What to do: Retype all of the listing exactly, with no pictures.

Information supplied:
━━━

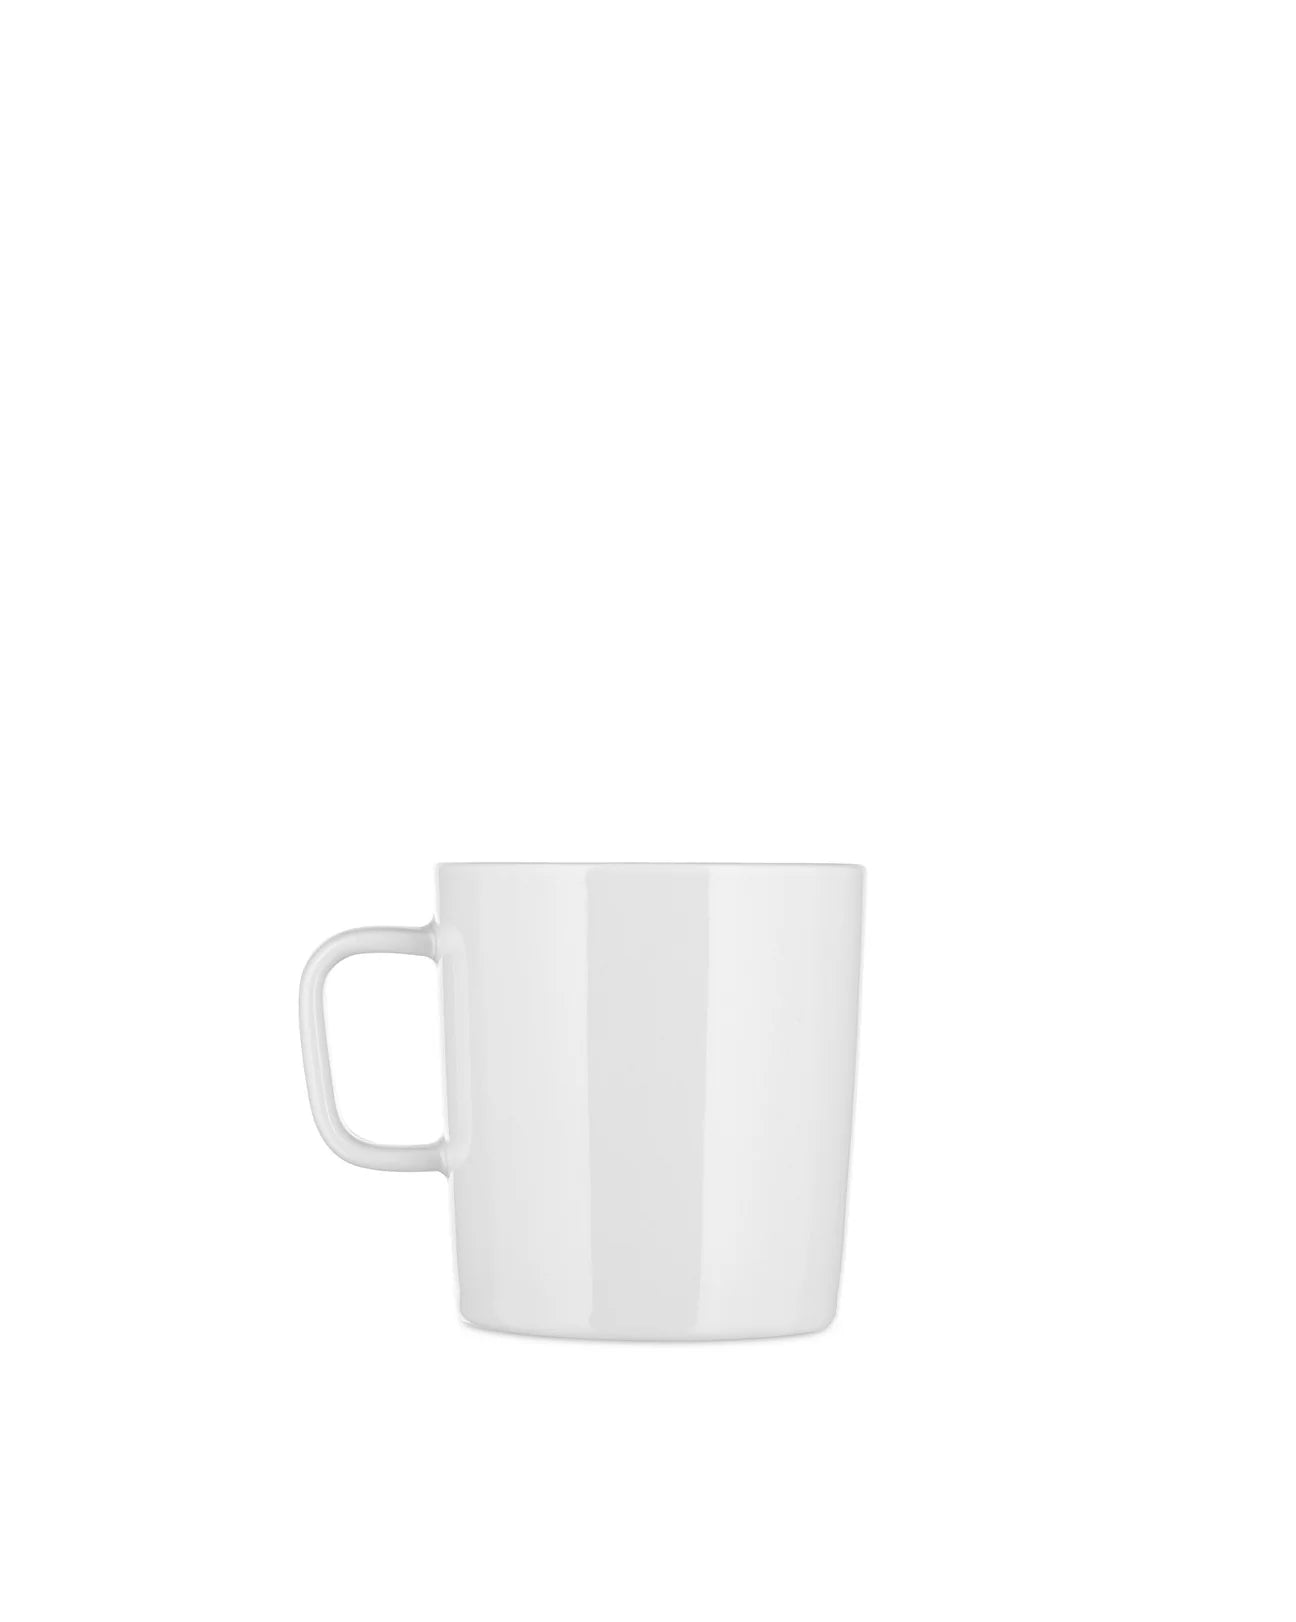 Alessi Mug Teacup White Porcelain PlateBowlCup | Panik Design
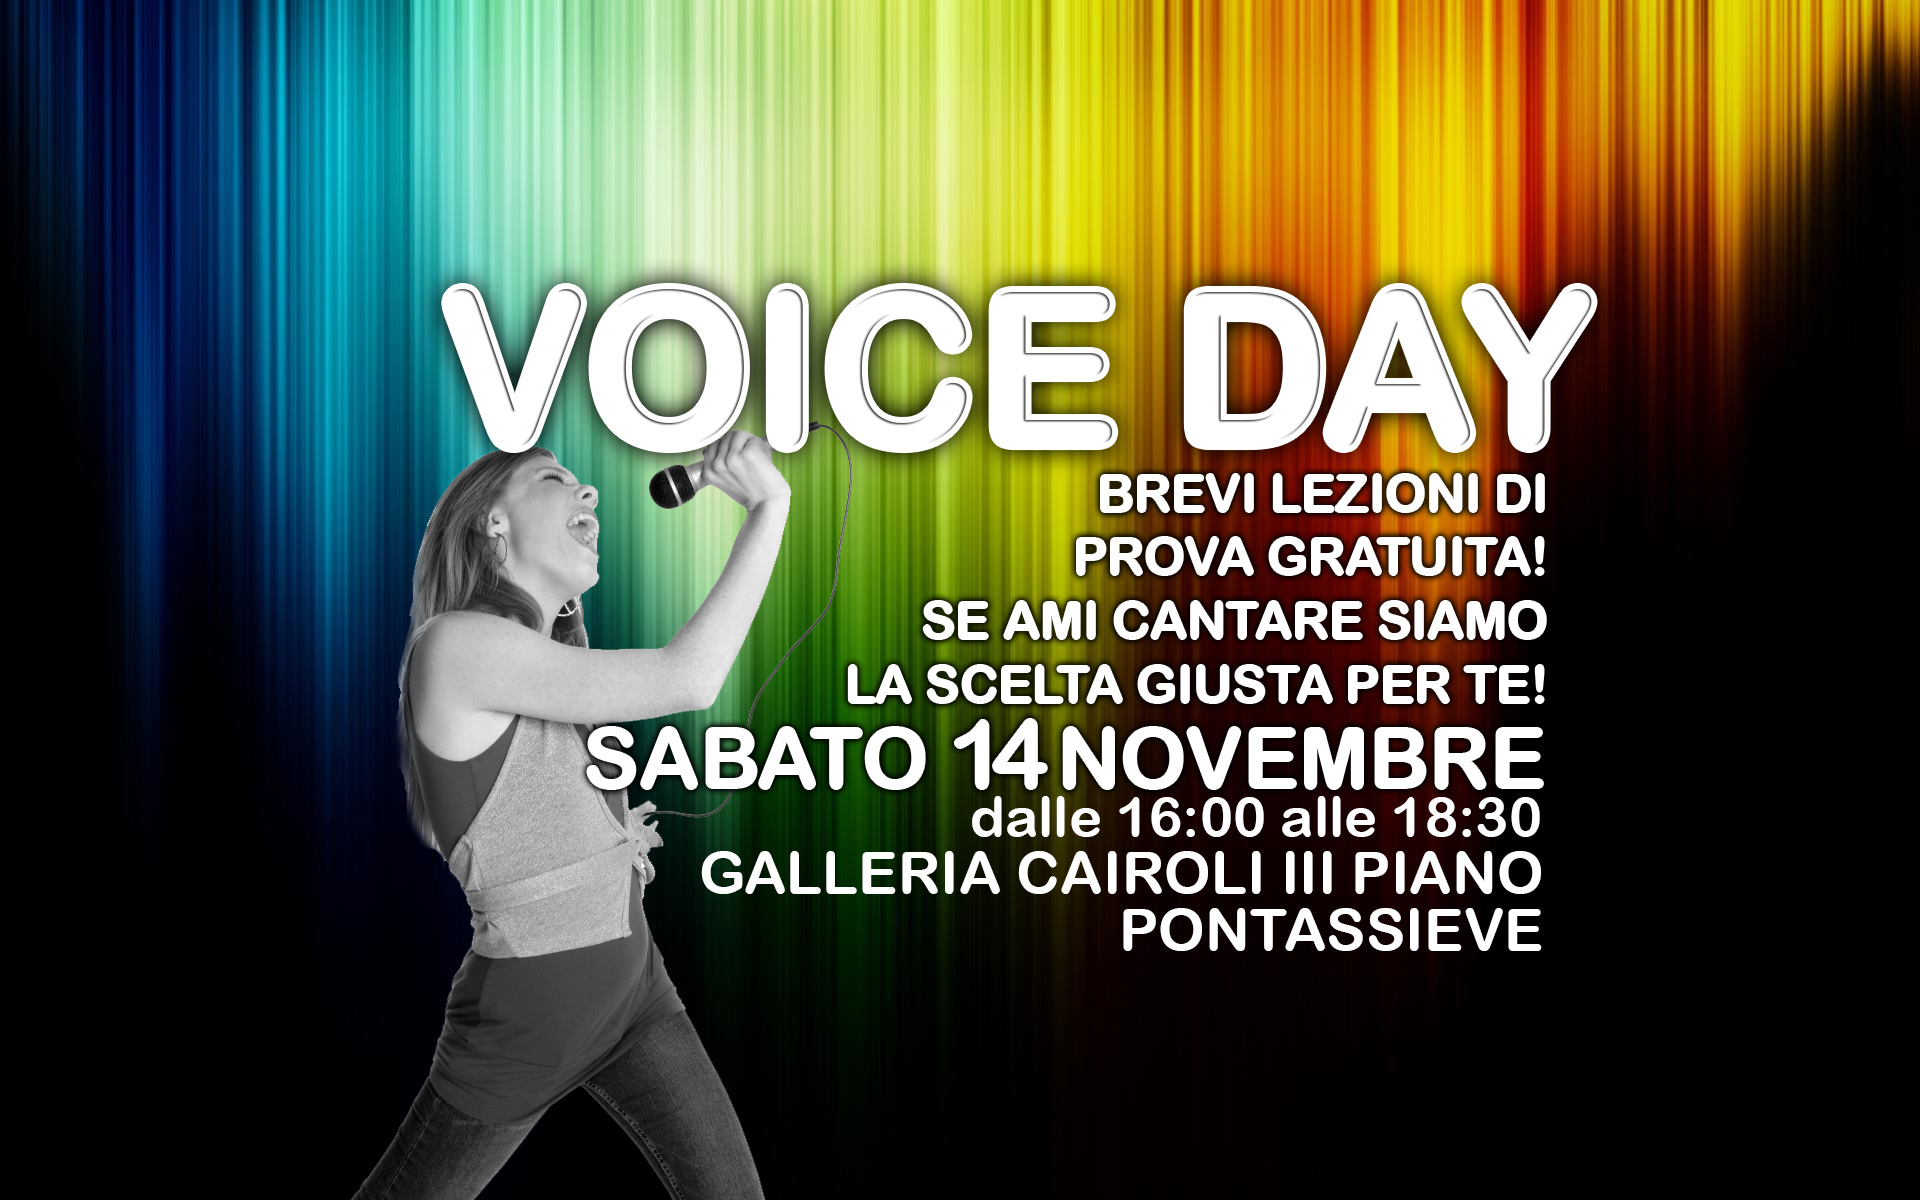 Voice Day Pontassieve 14 Novembre dalle 16 alle 18:30
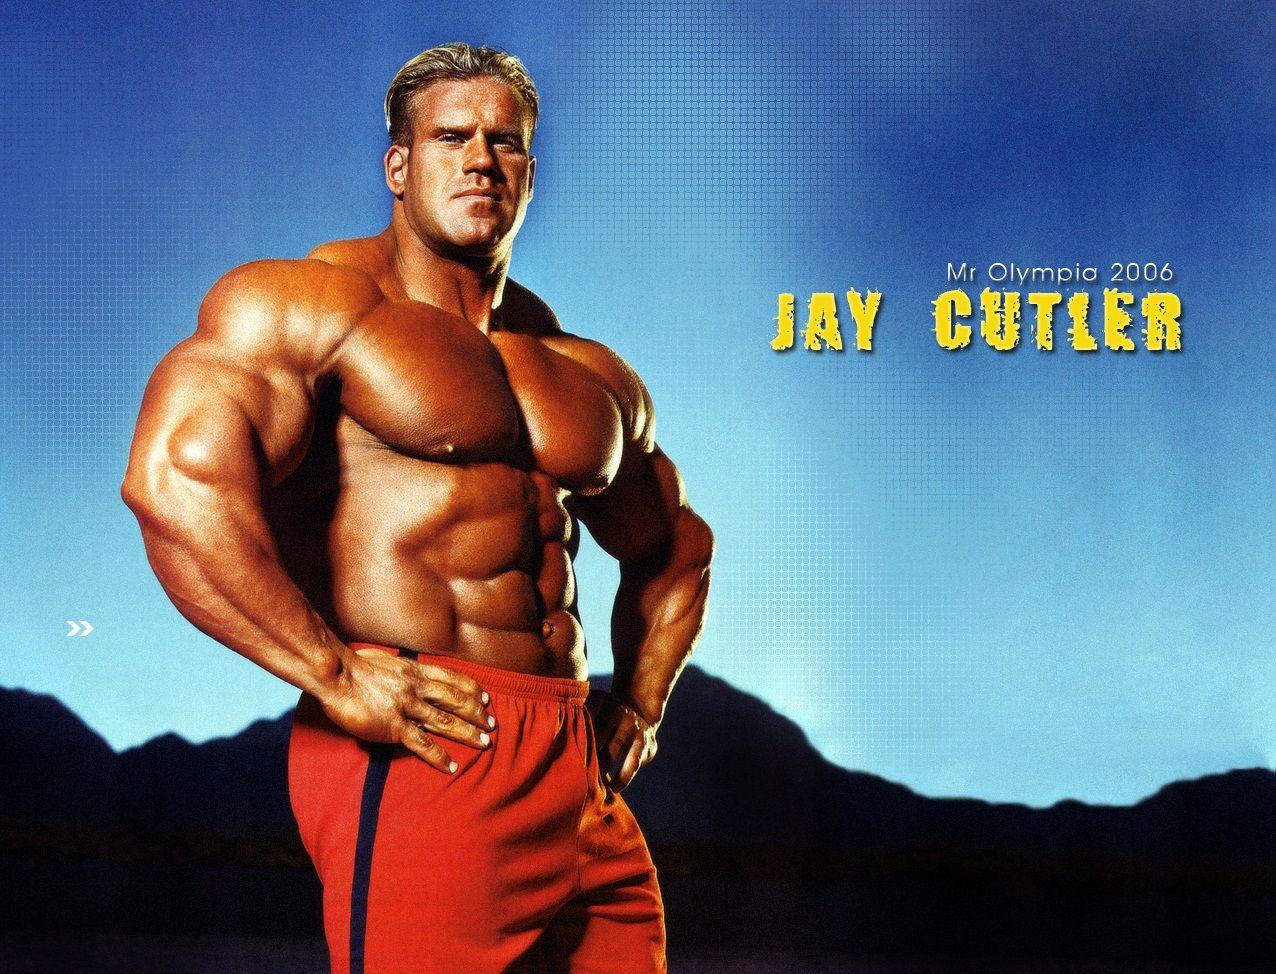 jay cutler bodybuilder today
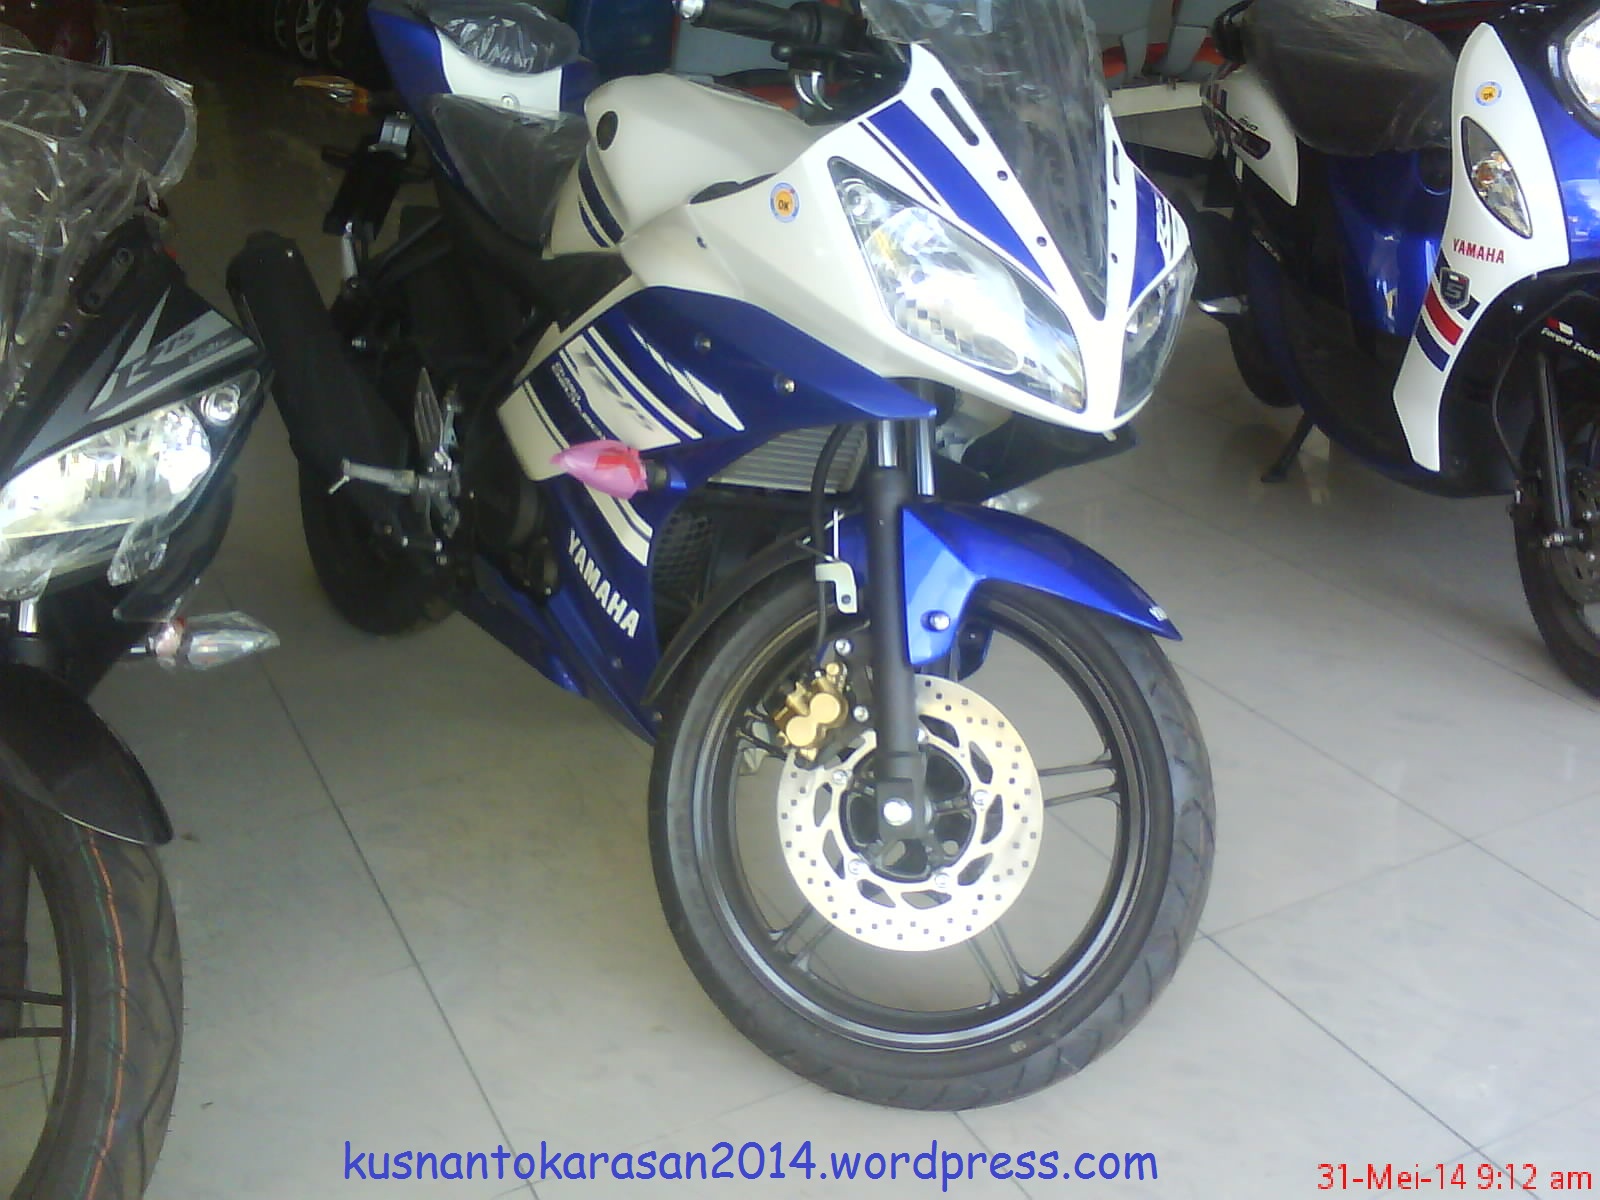 Yamaha R15 Warna Biru Putih Kusnantokarasancom

━━━

Written solution:
 Alessi Mug Teacup White Porcelain PlateBowlCup | Panik Design
 Voice Day Pontassieve 14 Novembre dalle 16 alle 18:30
 jay cutler bodybuilder today
 Yamaha R15 Warna Biru Putih Kusnantokarasancom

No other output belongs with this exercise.